– А прежде?

– О, прежде! Прежде меня все считали способной и деятельной. Я умела работать легко и весело.

– Почему же вы так изменились?

– Так… Не знаю… Я мертвая теперь… Я мертвая…

– Простите… Я не знаю вашего имени.

– Меня зовут Кетевани Георгиевна.

– Какое редкое имя…

– Великомученица Кетевани была кахетинской царицей. Моя мать из Грузии, а отец русский.
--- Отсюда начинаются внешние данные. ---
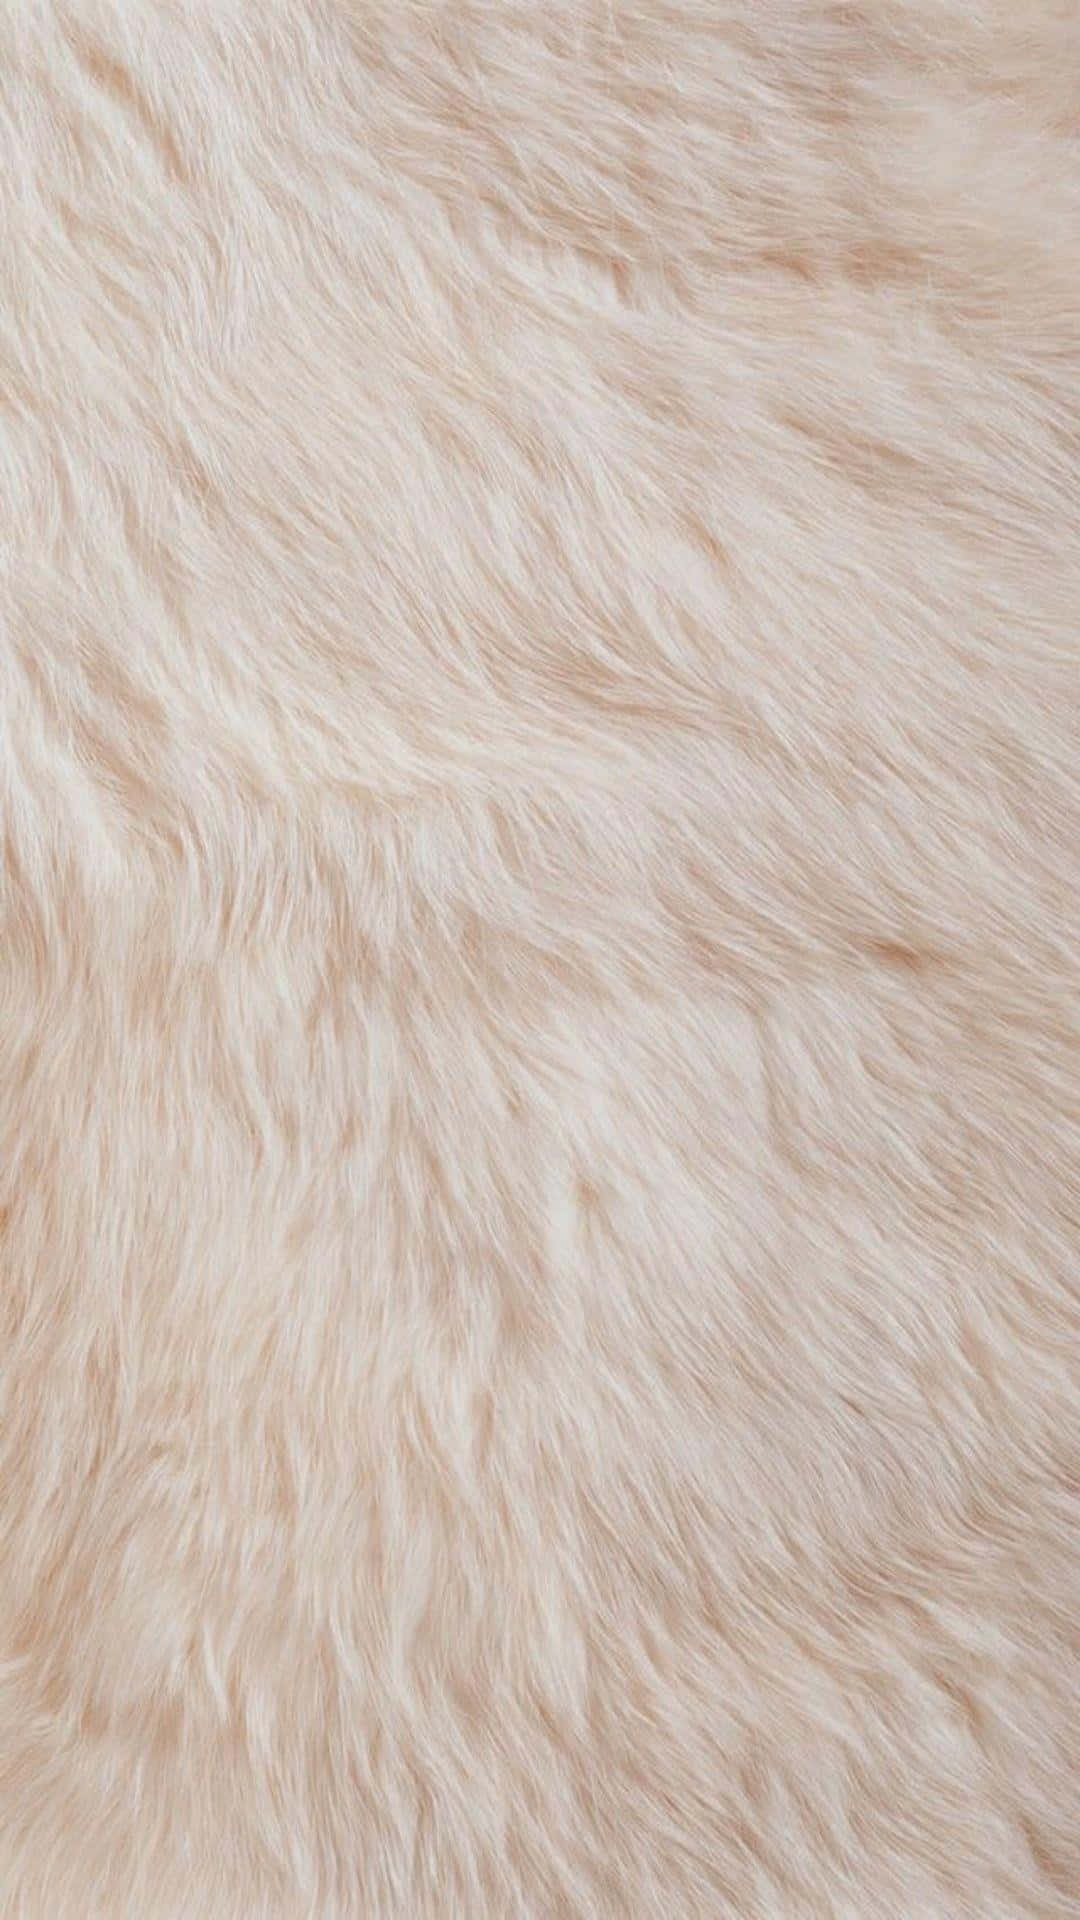 Download Fuzzy Off-white Fur Wallpaper | Wallpapers.com

– Вы непохожи на грузинку. У вас волосы золотые.

– У меня волосы черные. Я их выкрасила. Вот уже три года, как я рыжая. Правда, такие волосы идут к моим глазам?

– Да… Да, – пробормотал я, чувствуя, что мне почему-то неприятно узнать, что эту женщину видели прежде иною.

– Как странно, – сказал я, – вы были веселой, у вас были черные волосы… Теперь у вас золотые волосы и вы печальны… Я уже ревную вас к тем, кто видел ваши глаза и слышал ваш голос три года тому назад.

Кетевани Георгиевна засмеялась.

Наконец, мы пришли в собор. Это был огромный готический храм, со старинными витро, с голубым сумраком под дивными сводами. Мы бродили среди колонн, наслаждаясь прохладою и тишиною.

Пришел священник в исповедальню, еще молодой, с грустными усталыми глазами. За ним поспешила молоденькая дама в трауре, которую мы ранее не заметили.

Как она волновалась, сжимая маленькими руками черный переплет молитвенника!

До меня долетел ее шепот:

– Esprit-saint, lumiere des coeurs… Otez le voile qui est devant mes yeux…[1]

– Ax, если бы я умела молиться, – вздохнула Кетевани Георгиевна не то с лукавством, не то с печалью.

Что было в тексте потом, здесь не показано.